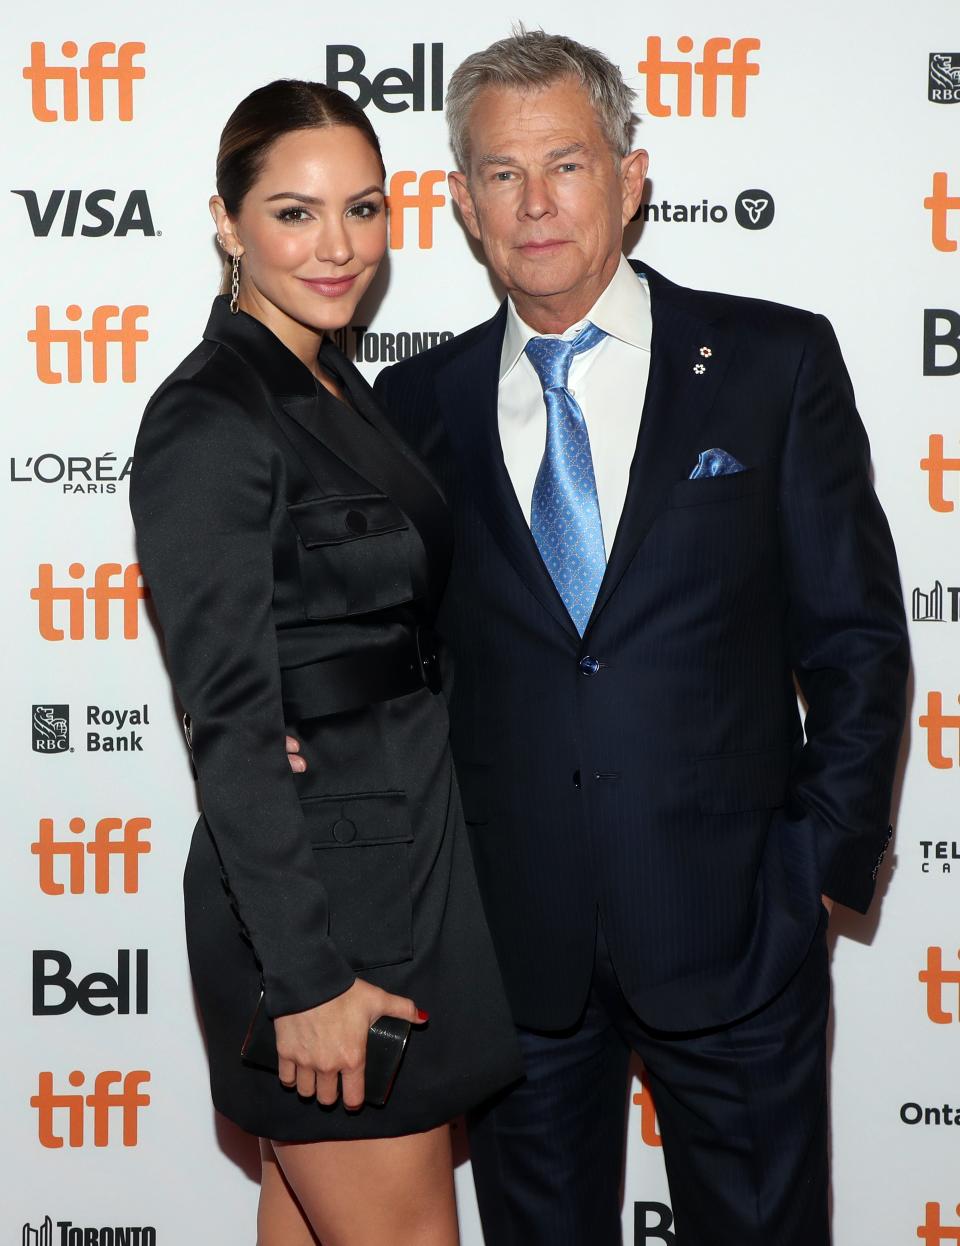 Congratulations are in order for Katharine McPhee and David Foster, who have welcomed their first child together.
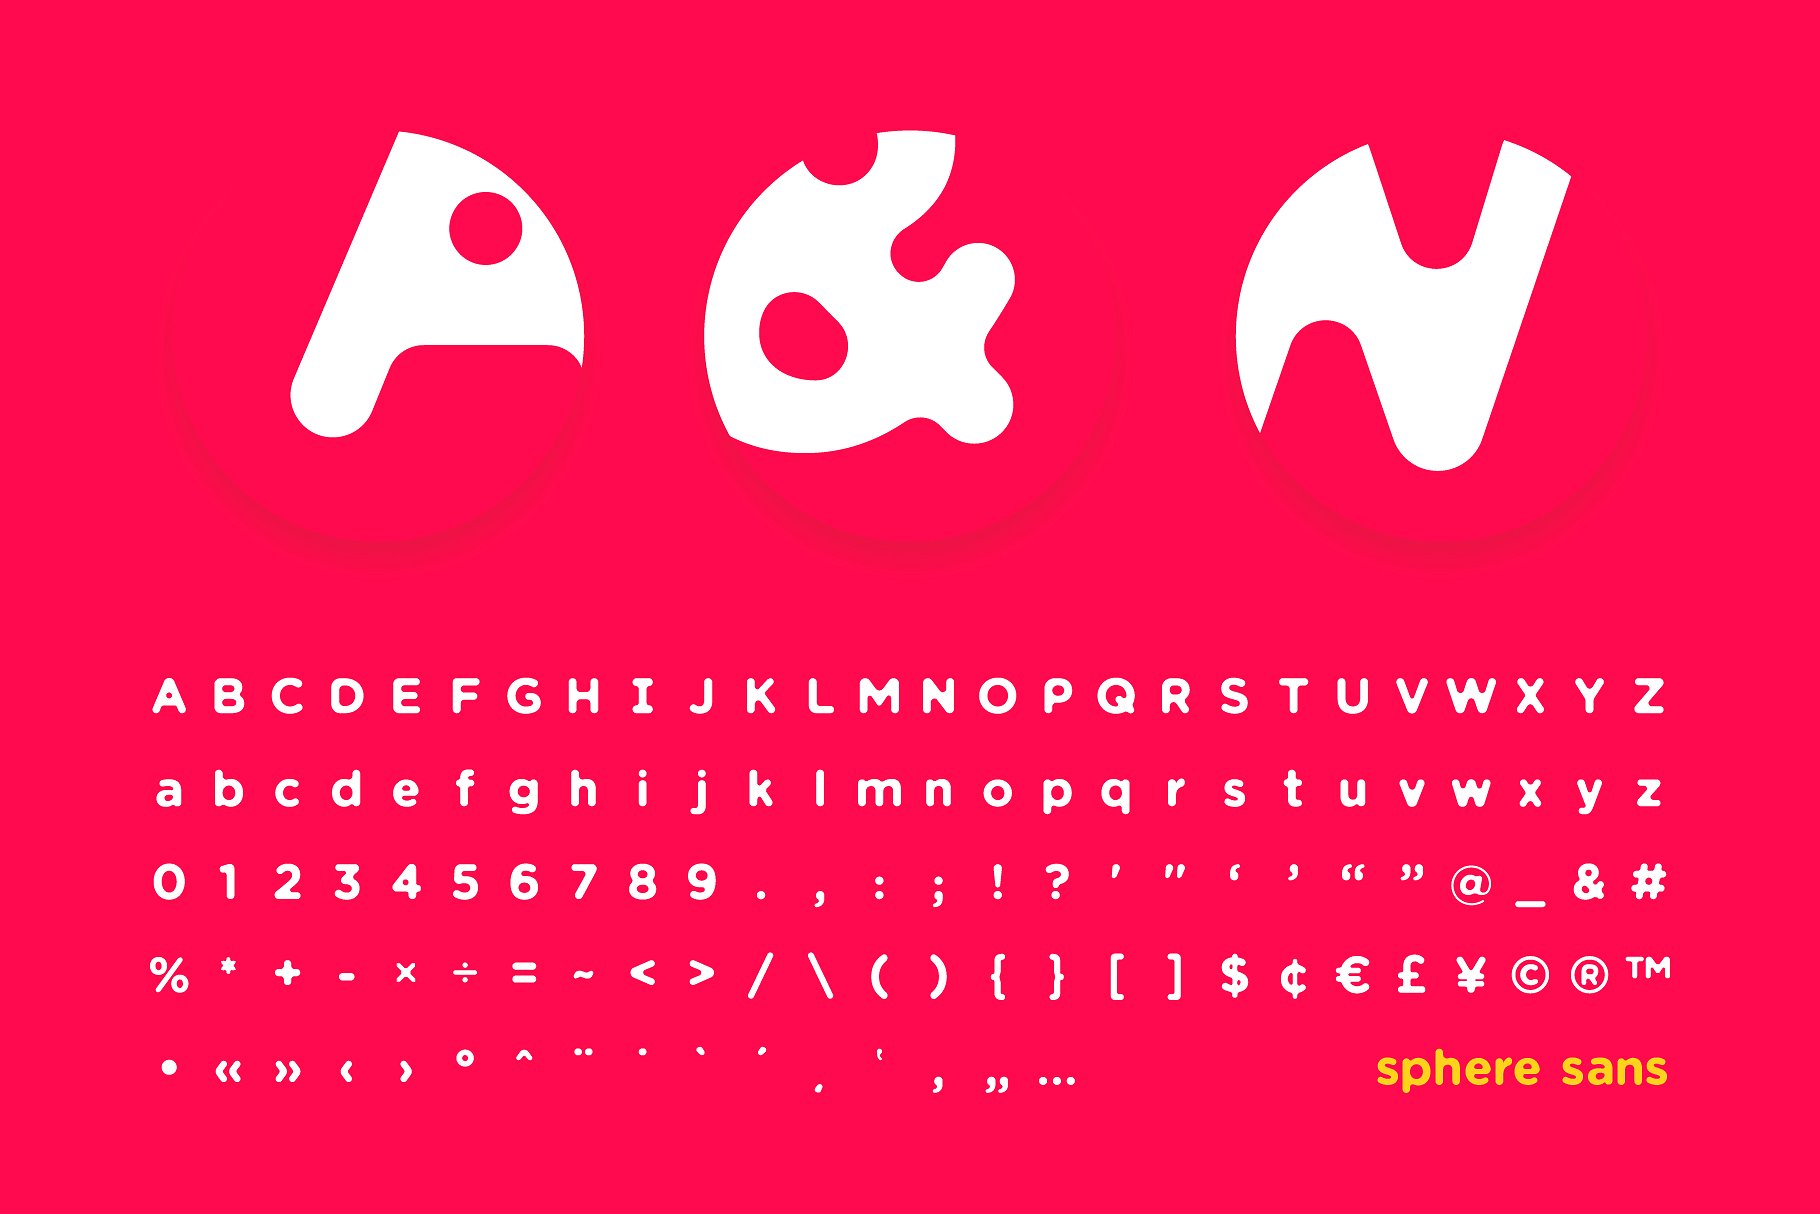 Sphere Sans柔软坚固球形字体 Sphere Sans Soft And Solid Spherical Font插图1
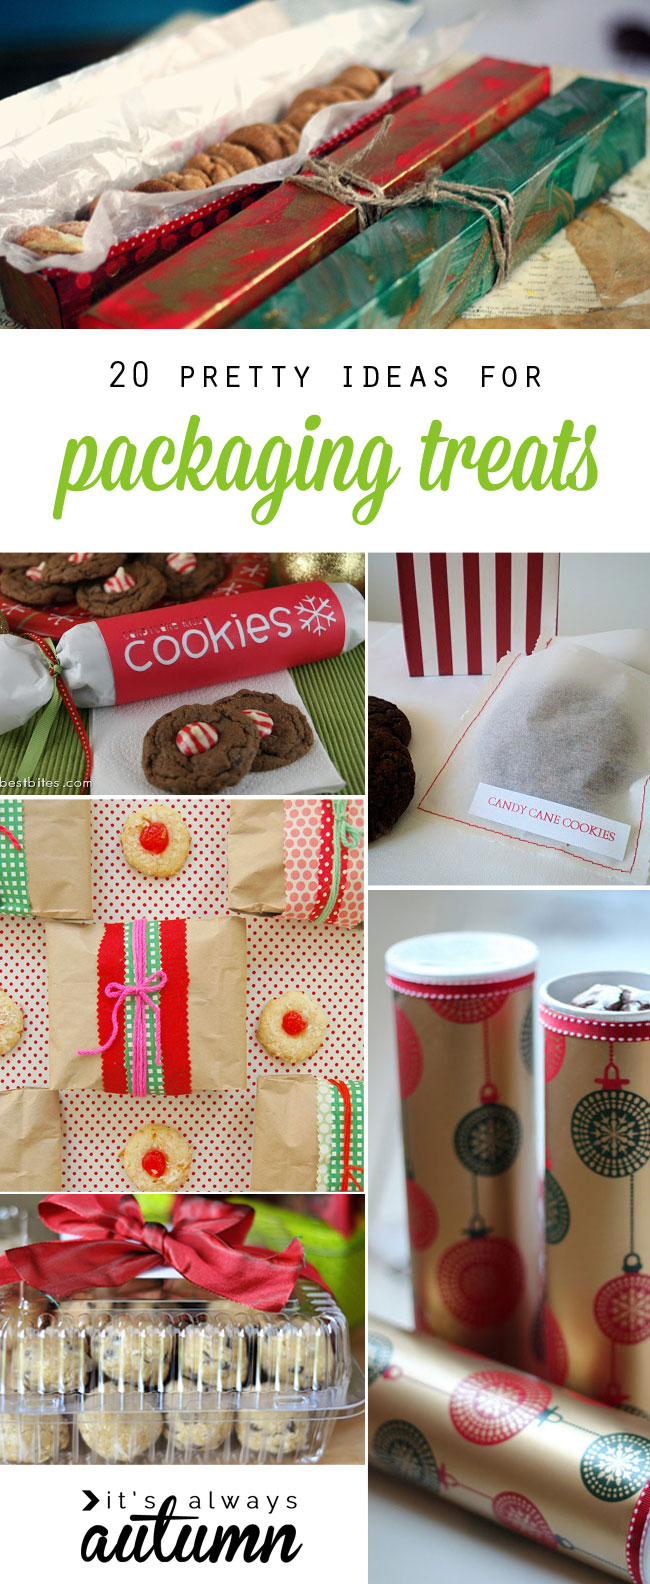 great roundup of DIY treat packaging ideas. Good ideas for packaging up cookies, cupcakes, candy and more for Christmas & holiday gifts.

▬▬▬▬▬▬▬▬▬▬

**PROBLEM STATEMENT:** Give the listing again word for word, without its images.

**WRITTEN REPLY:**
 Congratulations are in order for Katharine McPhee and David Foster, who have welcomed their first child together.
 Sphere Sans柔软坚固球形字体 Sphere Sans Soft And Solid Spherical Font插图1
 great roundup of DIY treat packaging ideas. Good ideas for packaging up cookies, cupcakes, candy and more for Christmas & holiday gifts.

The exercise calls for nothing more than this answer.